Last week, in a 2-1 decision, the Sixth U.S. Circuit Court of Appeals upheld the jury’s decision to implement the death penalty despite the vehement objections of Judge Gil Merritt, a Nashville resident.

In writing the dissenting opinion, Merritt lambasted his colleagues and accused the state of withholding evidence at trial, that Owens had ineffective counsel, that her rights were denied in trial and addressed a myriad of other problems he found with the case.

There are allegations in the court documents, accepted by Merritt and dismissed by his colleagues, that Gaile Owens suffered significant sexual and physical violence for years during her marriage to Ronald Owens.

There are several legal options keeping Owens from Tennessee’s death chamber. Her case is headed to the U.S. Supreme Court for further appeal. In addition, U.S. District Court Judge Aleta Trauger has in place an opinion ruling Tennessee’s lethal injection protocol unconstitutional, effectively stopping the state at present from executing anyone via lethal injection.

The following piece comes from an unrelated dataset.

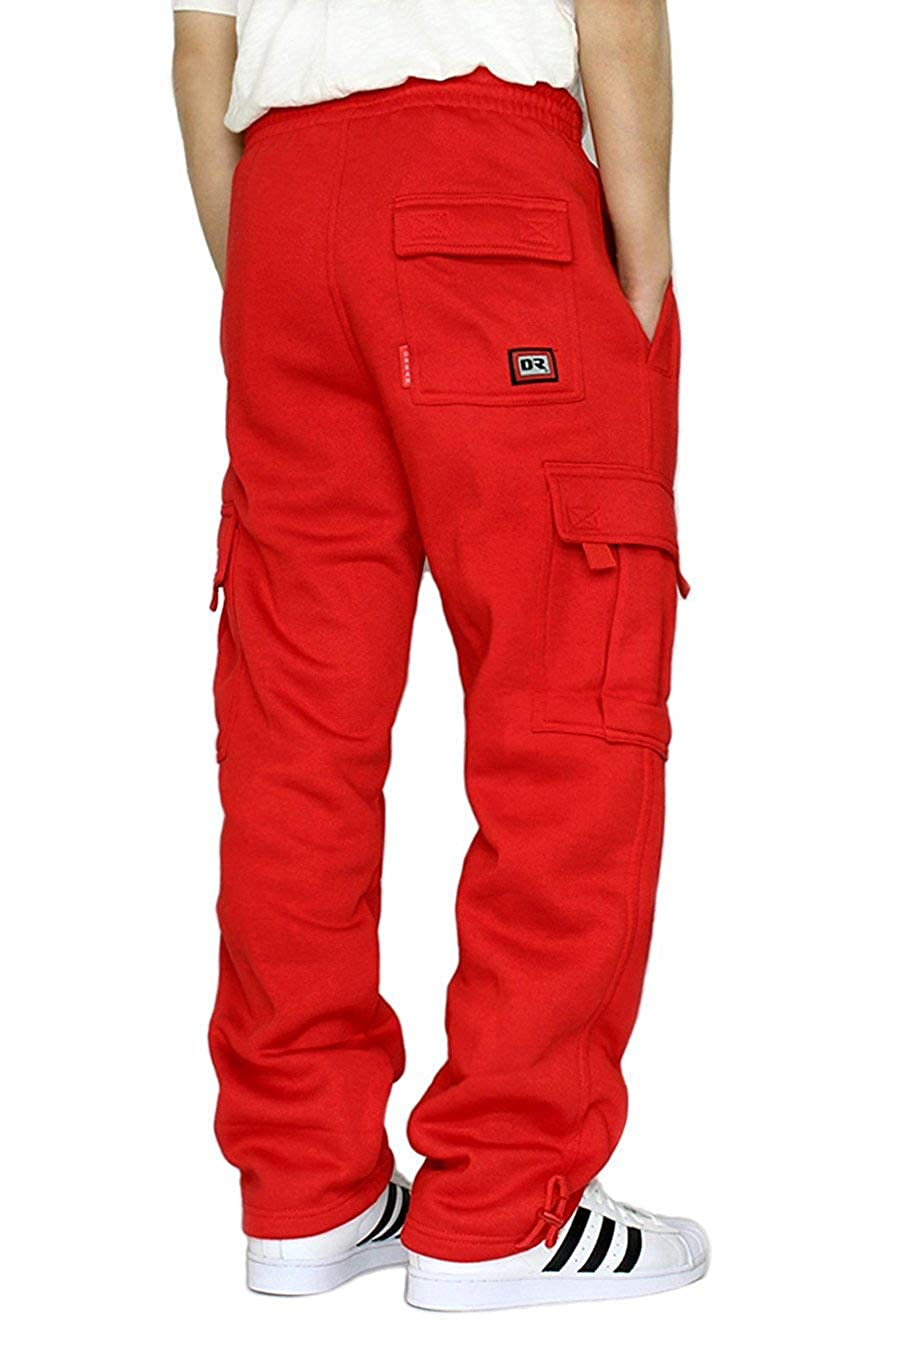 LA Gen Men's Heavyweight Fleece Cargo Sweatpants, M-5XL at Amazon Men's  Clothing store: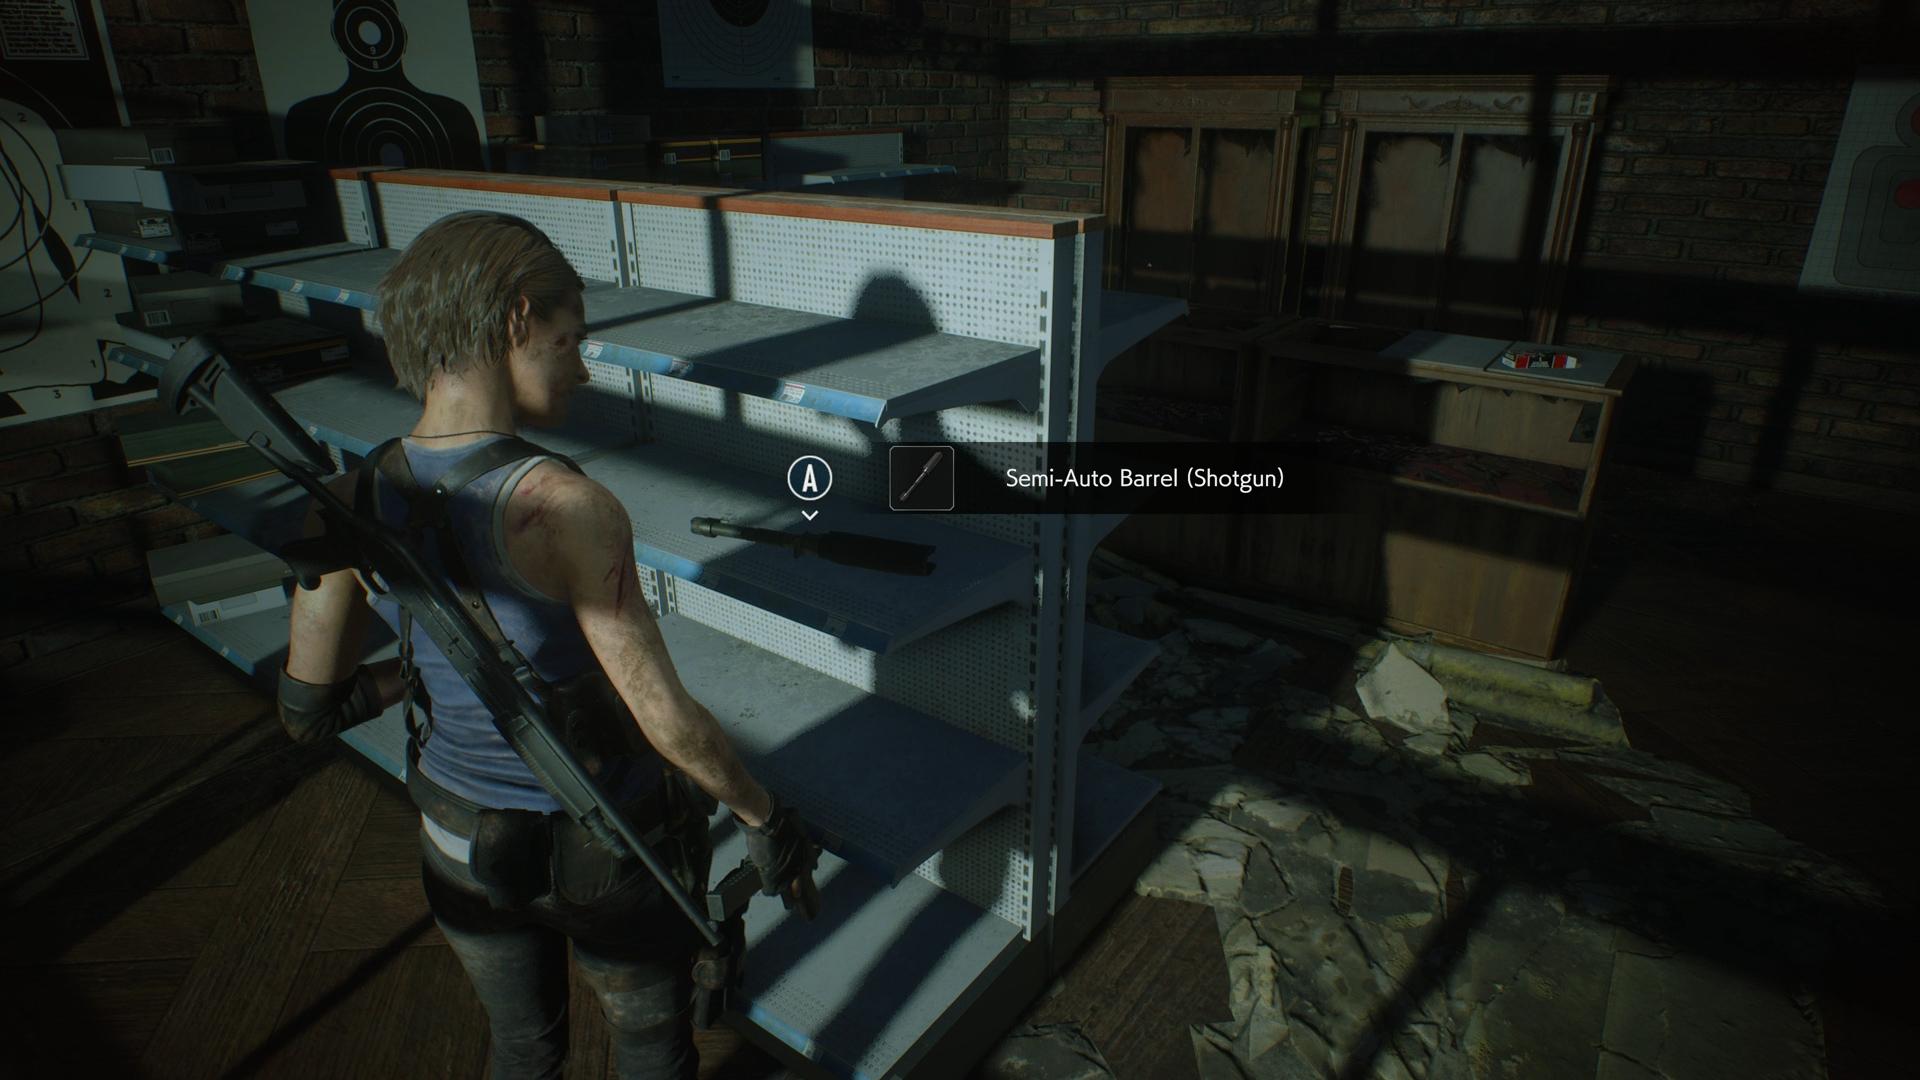 Resident Evil 3 Shotgun Semi-Auto Barrel location

Politically, Owens’ fate rests in the hands of Gov. Phil Bredesen or more likely his successor.

The State of Tennessee is a staunchly pro-death penalty state that has executed four men since capital punishment was reinstated in the United States in 1976 — three of them under Bredesen including the controversial electrocution of Daryl K. Holton last year. Nationally, there have been 1,136 executions in that same time frame. Only 11 of those executed have been women. There are currently 87 people on death row in Tennessee, two of them are women.

In many cases, executing a woman has tested the resolve of proponents of state executions, perhaps none more so than the 1998 execution of Karla Faye Tucker in Texas.

Tucker became a cause célèbre despite having been convicted of killing another woman with a pickaxe. Prominent figures from then-Speaker of the House Newt Gingrich to televangelist Pat Robertson championed her cause and asked then Texas Gov. George W. Bush to commute her sentence. Bush let the execution go through on Feb. 3, 1998.

Did conservatives like Gingrich and Robertson support clemency because Tucker had become a devout Christian while incarcerated or because they believed that she had been reformed? Many men who have walked the “last mile” have claimed religion and reform before their demise, without the support of God’s gatekeepers. Was their support forthcoming because it involved executing a woman? In the decade since Tucker’s execution the questions remain.

There is no question that Owens is guilty of murder-for-hire. She had been willing to accept a plea bargain originally offered to her by prosecutors if she and her accomplice Porterfield pleaded guilty and accepted a sentence of life without parole. Porterfield rolled the dice and rejected the offer, landing them both on death row.

Still, Rector and others maintain the problems they see in the Owens case are reflected in most of Tennessee’s death row cases.

“The case of Gaile Owens is a tragic story of abuse and murder which has caused her family and community great suffering,” Rector said. “At the same time, Owens sentence is also very problematic given the lack of adequate representation she received at trial as well as the prosecutor’s failure to turn over important evidence to the defense. Even more troubling, the problems highlighted in this case are not isolated ones since many of the other nearly 100 individuals on Tennessee’s death row have similar issues in their cases.”

The case will continue to wind through the legal process and judges will ponder Owens’ fate as well as the future of Tennessee’s lethal injection procedure. Meanwhile, Bredesen and every possible candidate for governor in 2010 will have to decide what they will do if the courts put the final decision in their hands.